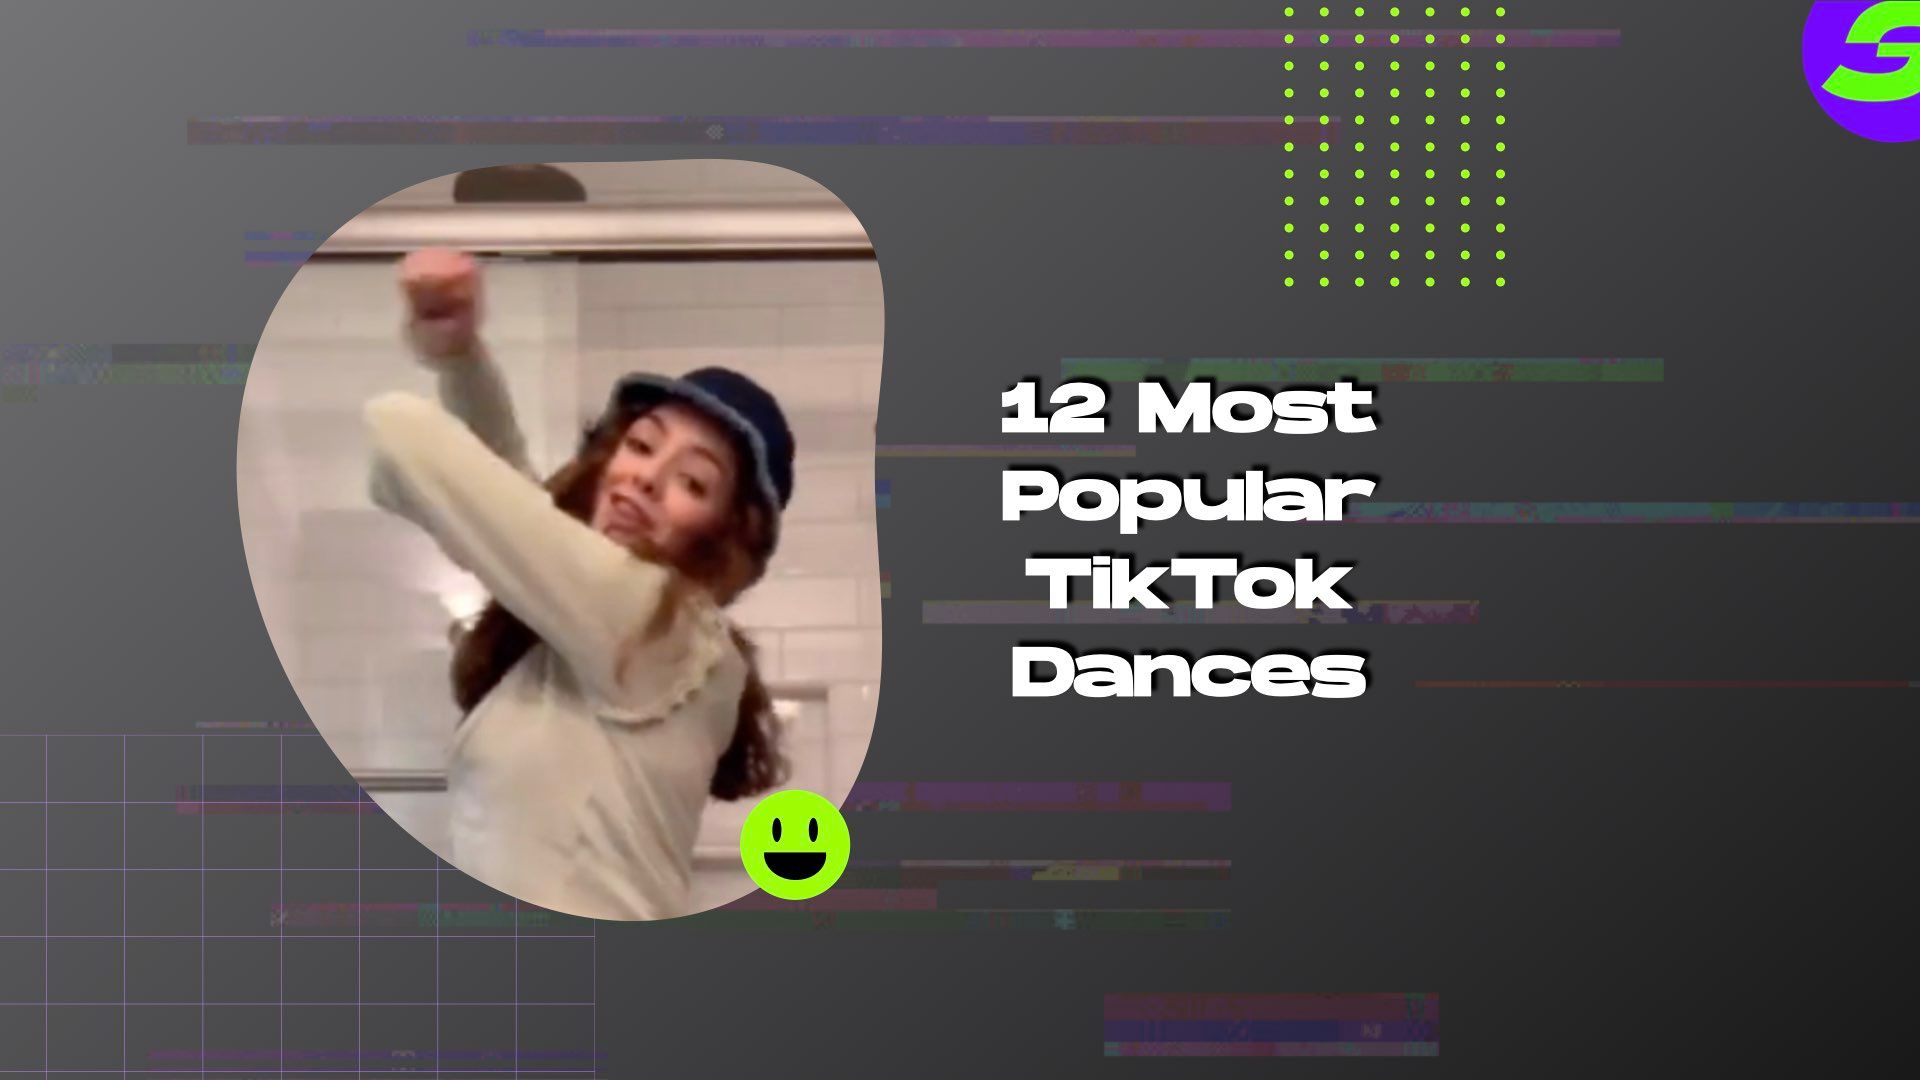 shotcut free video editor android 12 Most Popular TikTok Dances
* * *
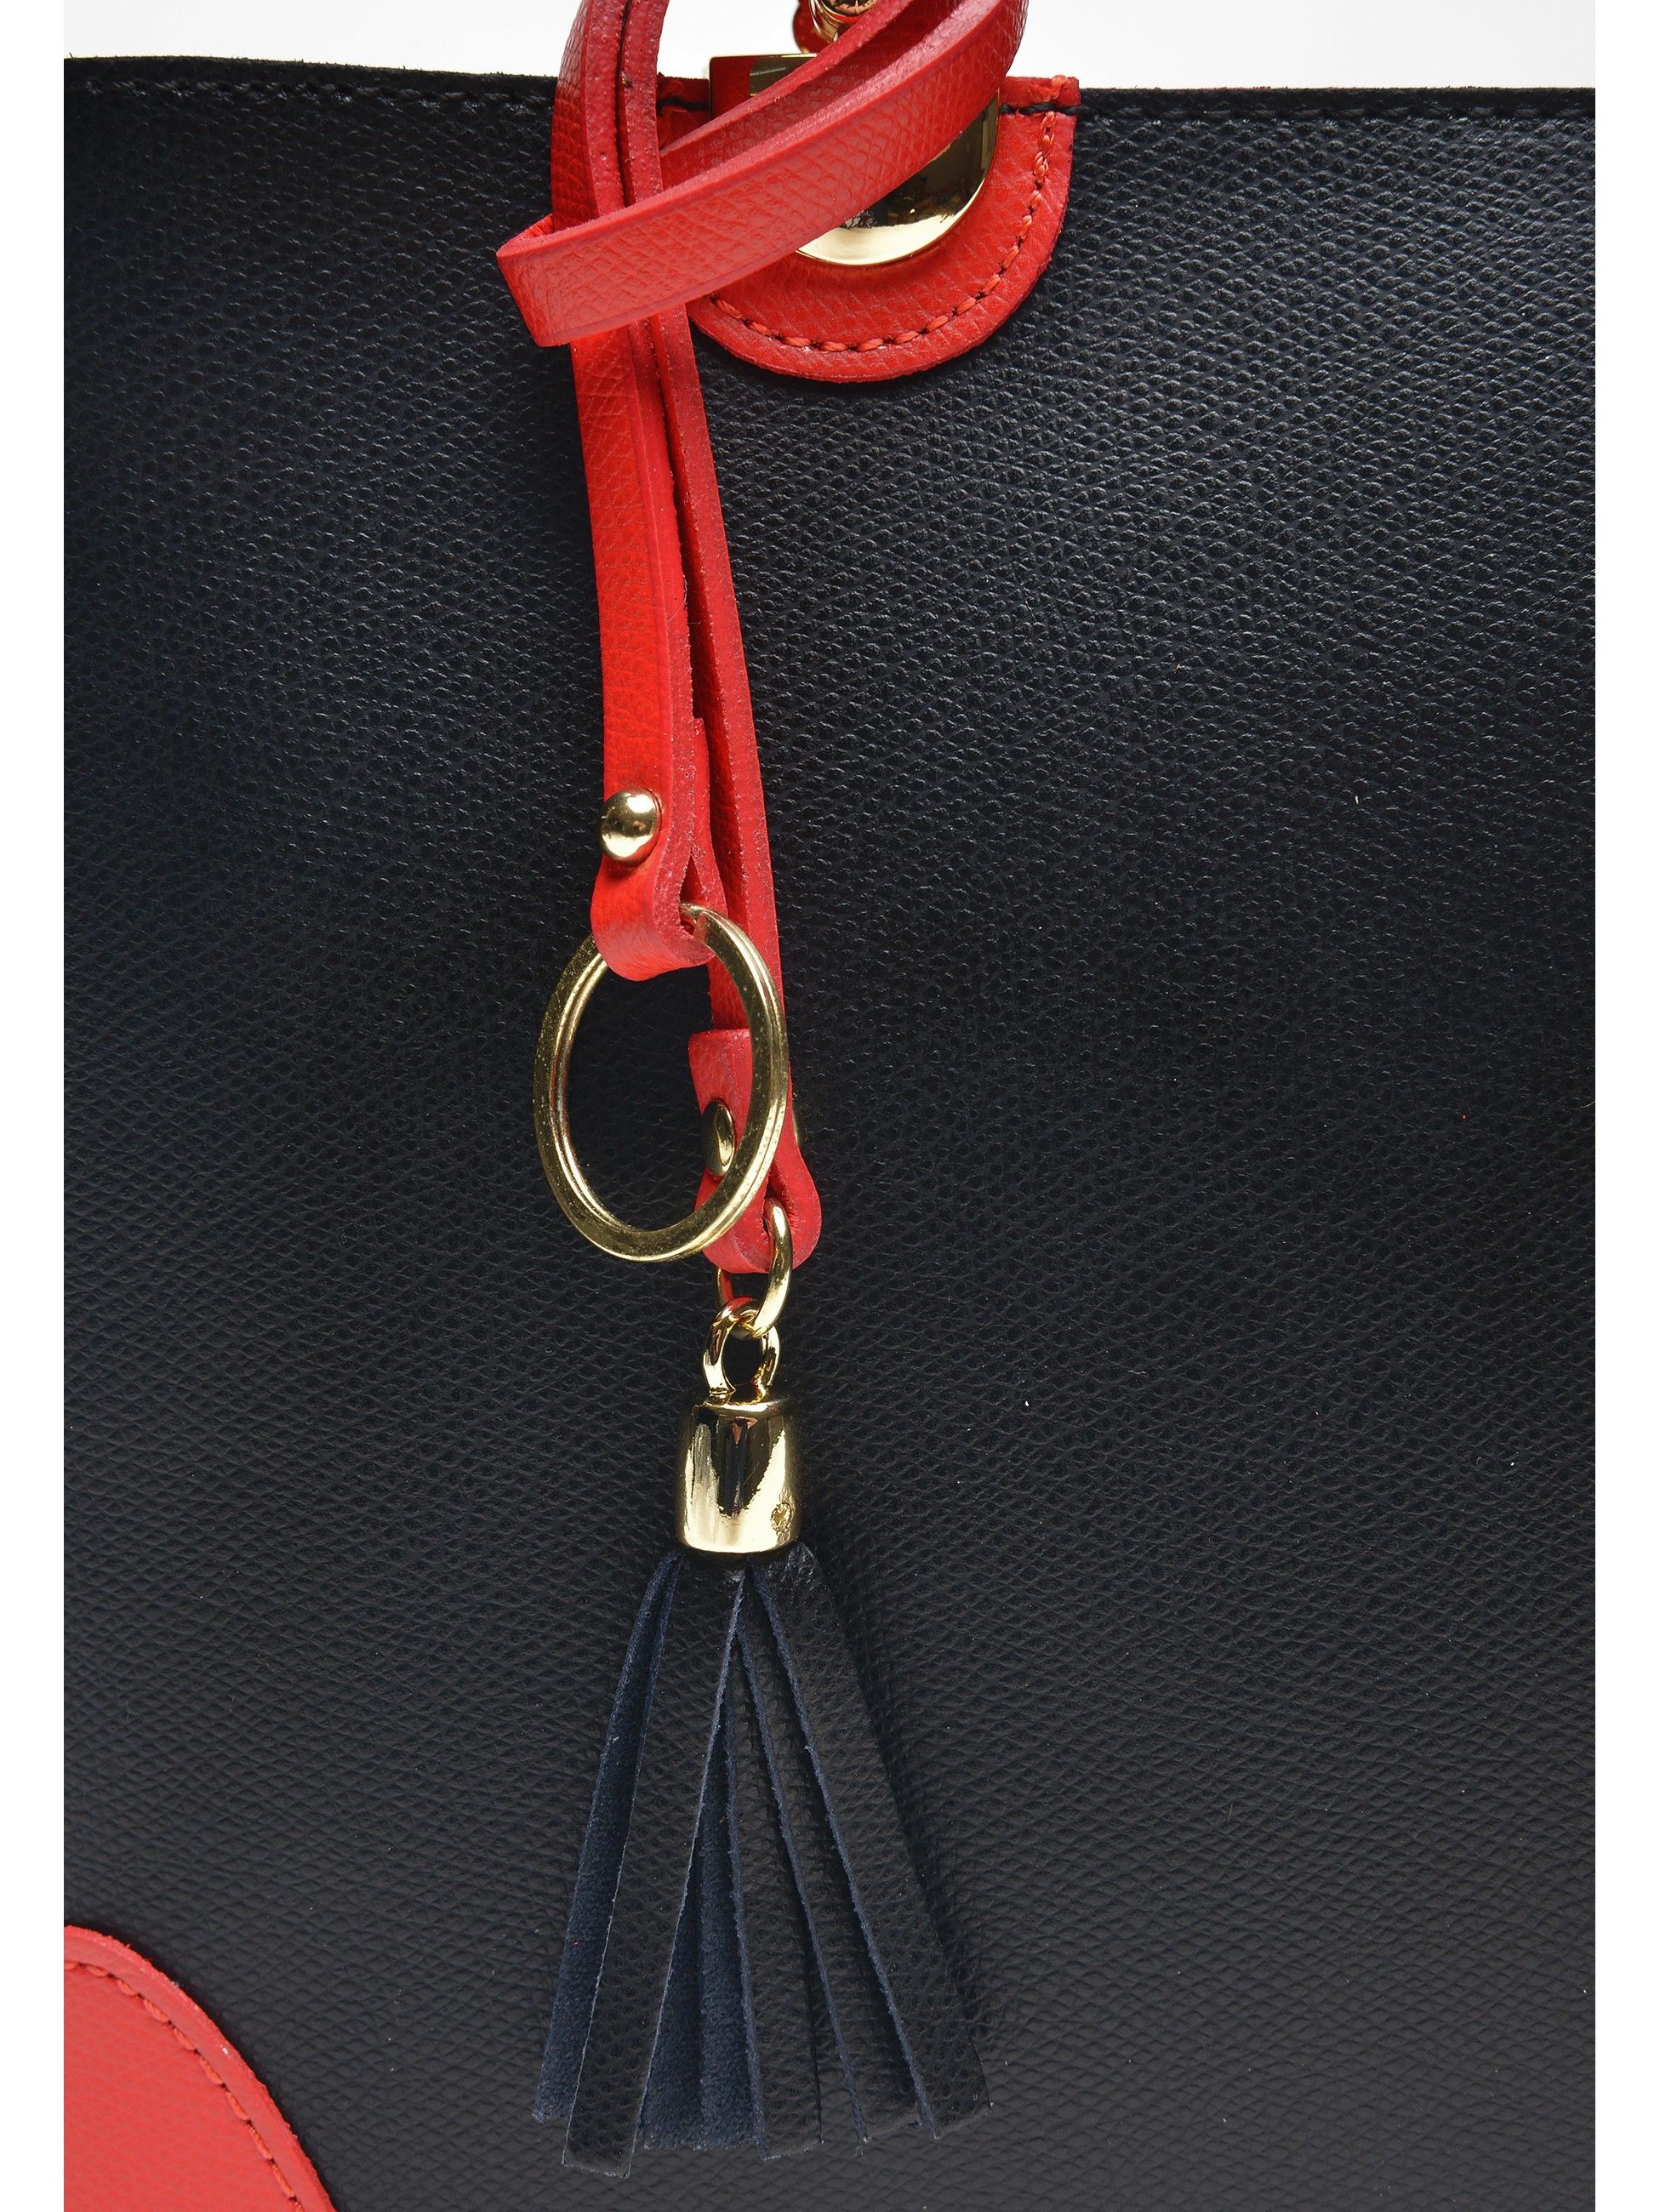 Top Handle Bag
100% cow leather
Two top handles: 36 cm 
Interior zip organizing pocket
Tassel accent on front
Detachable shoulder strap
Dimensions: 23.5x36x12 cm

● **What needs to be done**: One stretch of the lines above is wanted, from the line that contains "Two top handles: 36 cm" through the line that contains "Dimensions: 23.5x36x12 cm". Output it exactly.

● **Written response**:
Two top handles: 36 cm 
Interior zip organizing pocket
Tassel accent on front
Detachable shoulder strap
Dimensions: 23.5x36x12 cm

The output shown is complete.